Speaking of Bonnaroo, you performed there this year, and now you’re at The Hotel Cafe which is a much smaller, intimate location. What environment do you like to perform in most? And what’s the most important thing for your audience to take away from your performances?
The most important thing for me as a spectator is when I really believe a person, and they’re just so in to it and they really care about it, lost in that moment. So it doesn’t really matter the space or the size, it’s more if people are really listening and feeling connected to it. You know, it’s obviously not super fun to play in a really loud bar where no one is listening. And even Bonnaroo is really hard because there’s so much sound pollution from everything that’s around you. It’s incredible and it’s a beautiful experience, but sometimes performing at a place like The Hotel Cafe is even more rewarding because you’re interacting more with the audience individually. But I just love to feel that moment and be transported myself and hope that it does it for other people.
You’ve been touring along the east coast, a little in California, following up the June release of “The Evolution.” What’s up next for you?

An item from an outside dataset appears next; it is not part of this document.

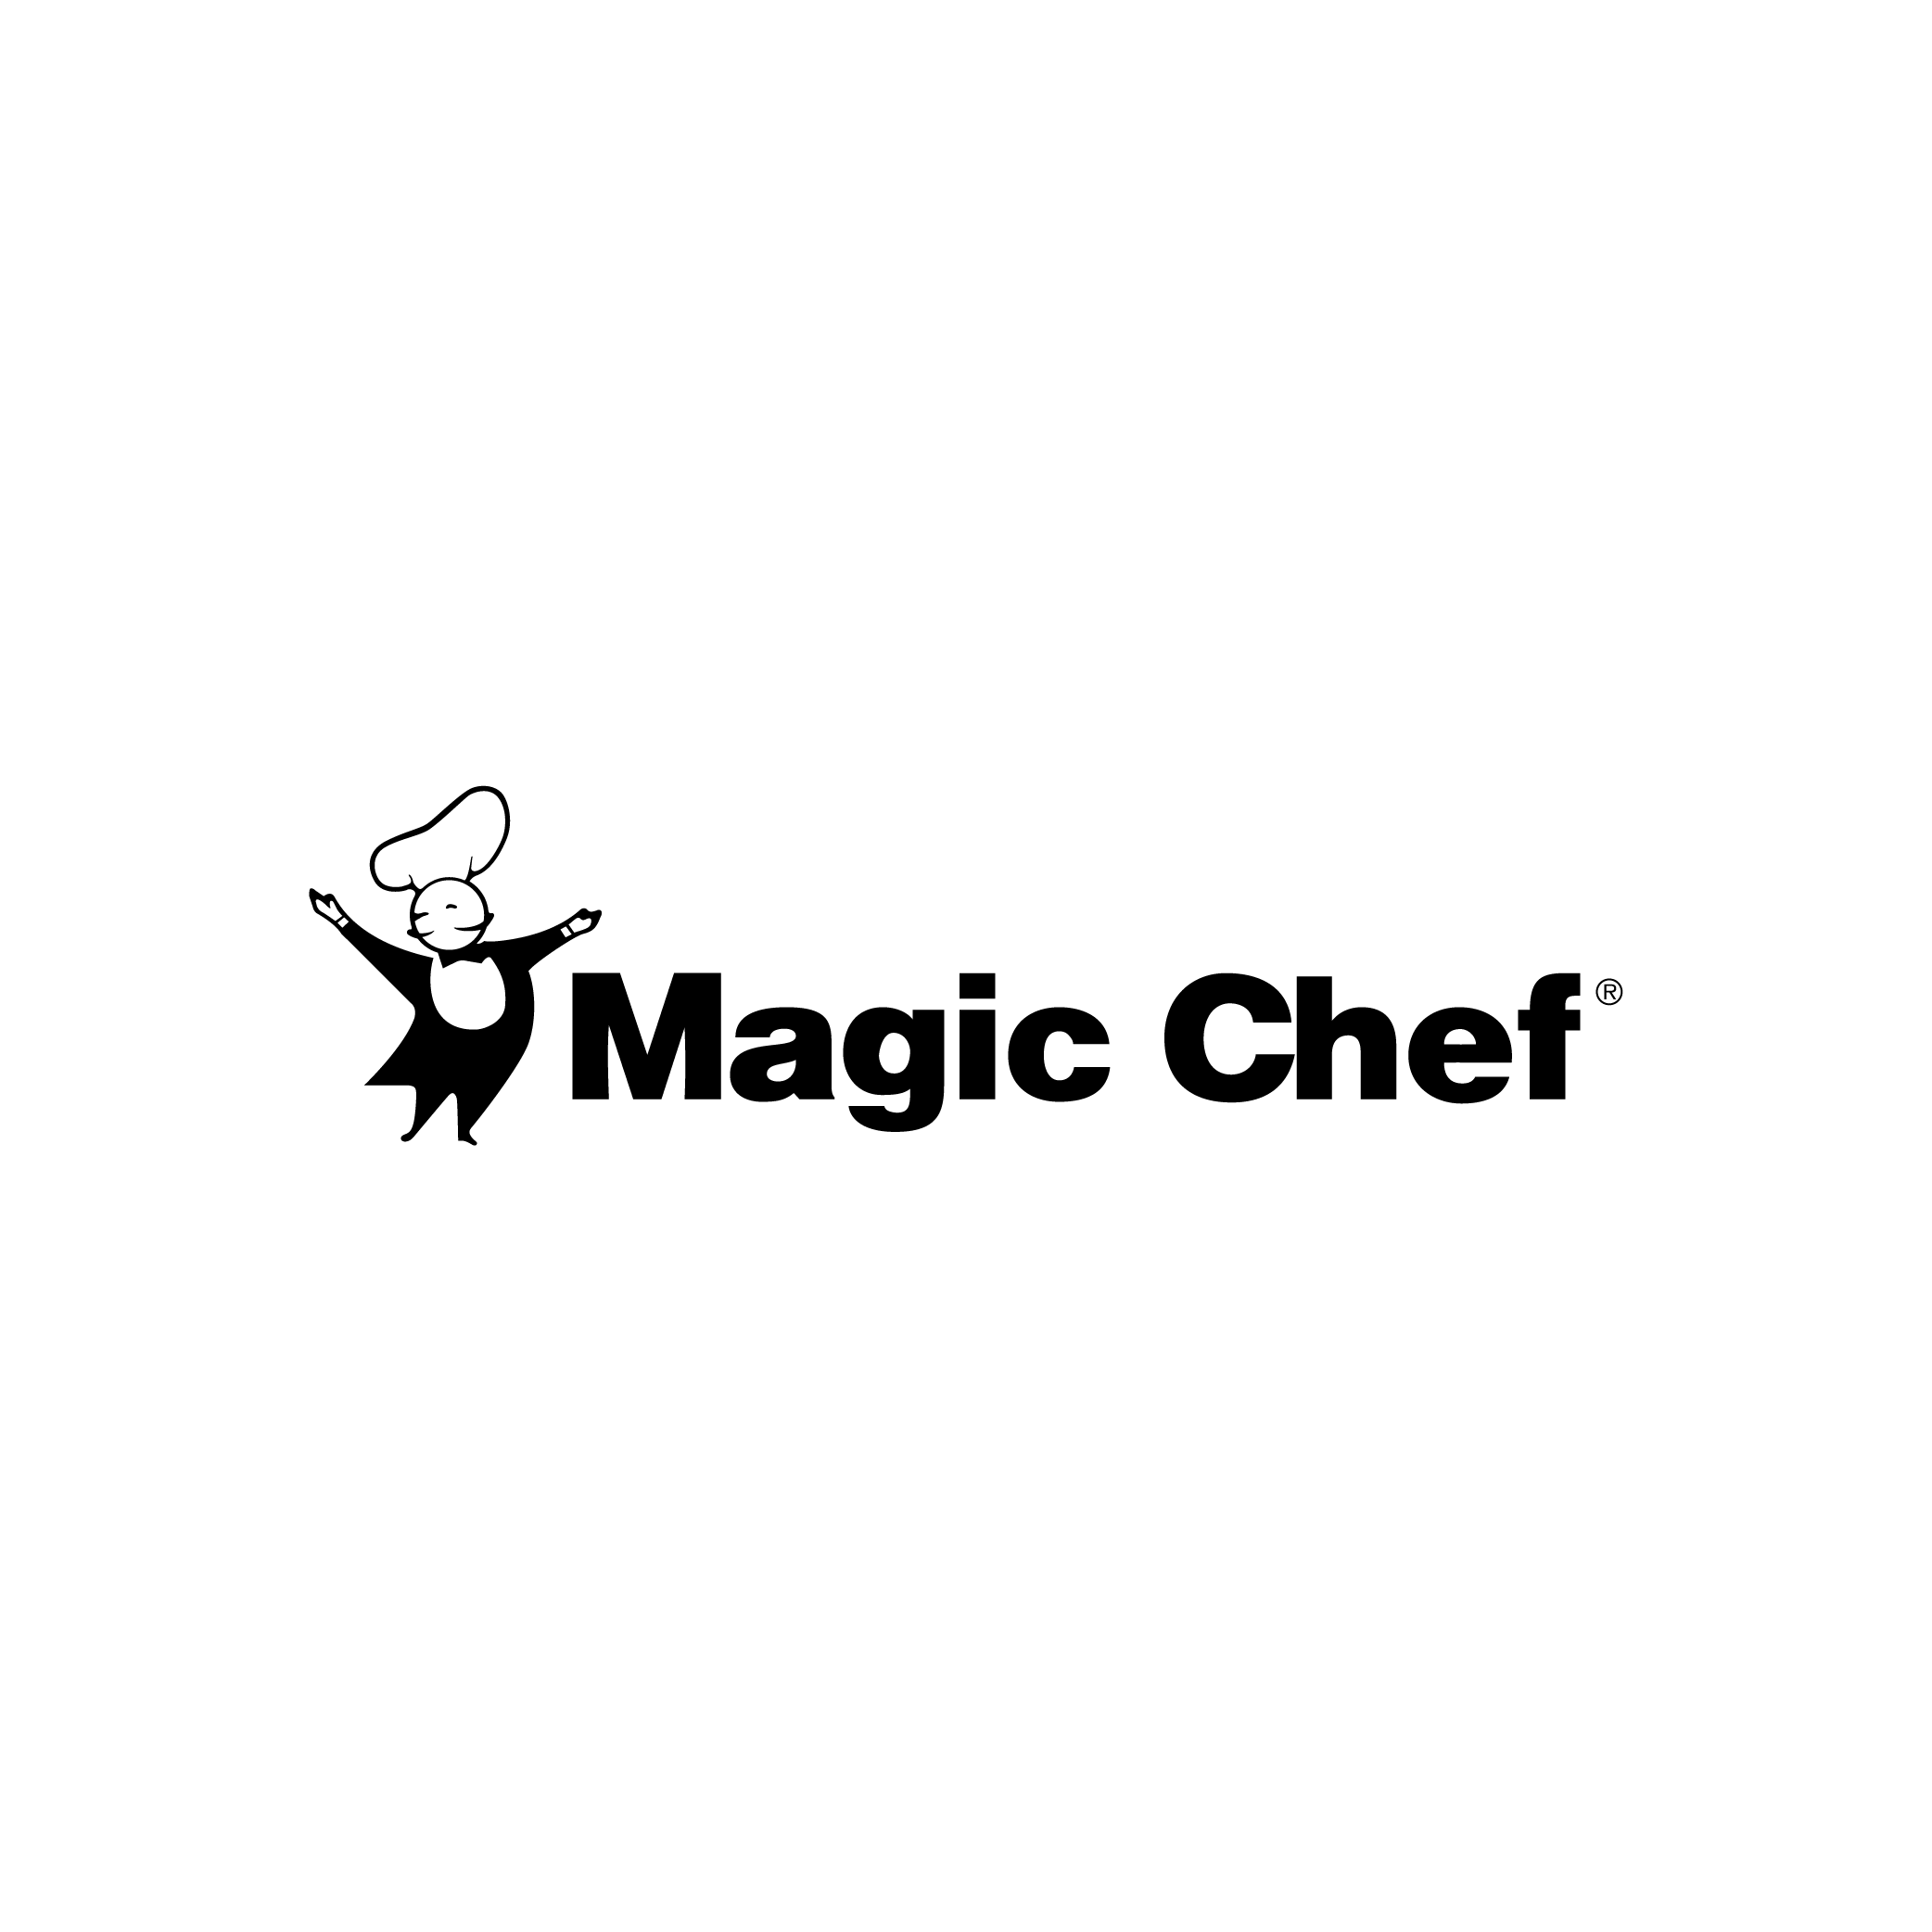  Magic Chef Appliances Logo

Well, I released the EP at Bonnaroo, so that was a pretty great celebration. I was like, “well, this really doesn’t get any better…” (laughs). But I am delighted to be here, and then after this I’m taking a retreat in the woods at the Glass Lake to write. And really, to just digest everything that’s been happening. Hopefully, I can spin it into something. Then, I’m looking forward to playing as much as possible. I want to be playing and creating and writing. The EP took a year and a half and, like I said, that was an incredible discovery period. It opened up my mind to so many things, and now that I feel like I’ve tapped in to the sonic space that feels really good to me right now, I want to write more. I want to create more stuff! So, that’s where I’m at right now!